──────── MATERIAL PROVIDED
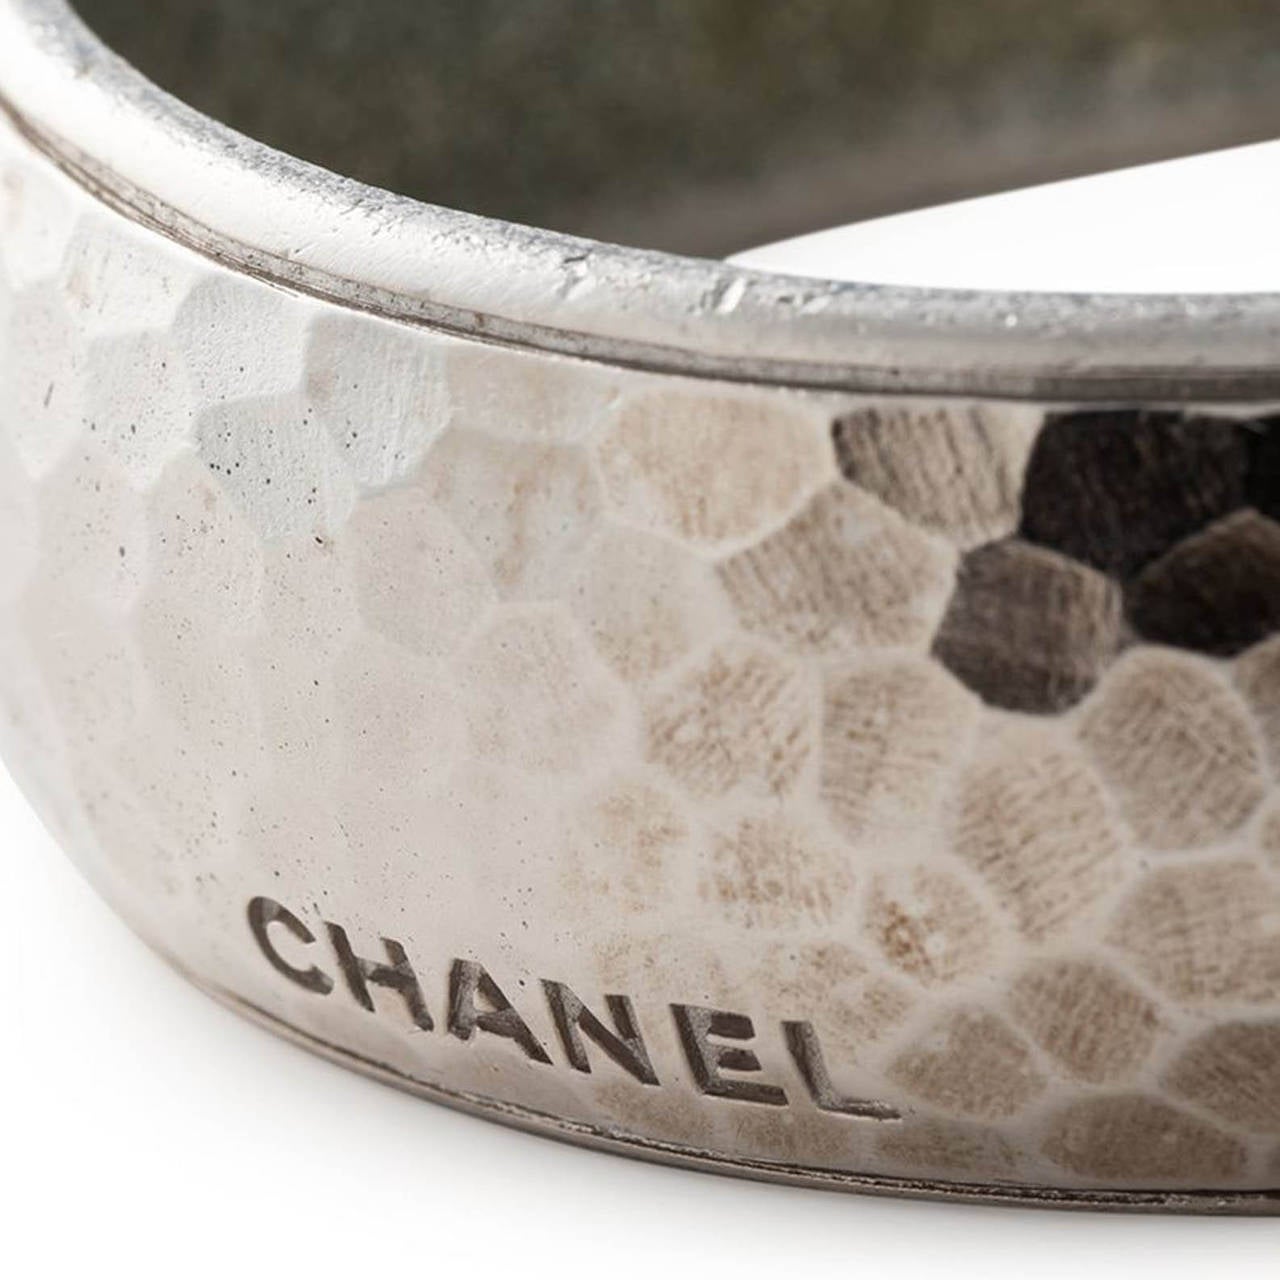 This silver-tone textured bangle from Chanel features an internal logo plaque and an engraved front logo.

Measurements: Width: 2.5 cm, Circumference: 20.5 cm

Material: Metal

Colour: Silver
────────────────
▶ **ASSIGNMENT**
Return the full listing above verbatim, please, but without its images.

▶ **EXERCISE SOLUTION**
 This silver-tone textured bangle from Chanel features an internal logo plaque and an engraved front logo.

Measurements: Width: 2.5 cm, Circumference: 20.5 cm

Material: Metal

Colour: Silver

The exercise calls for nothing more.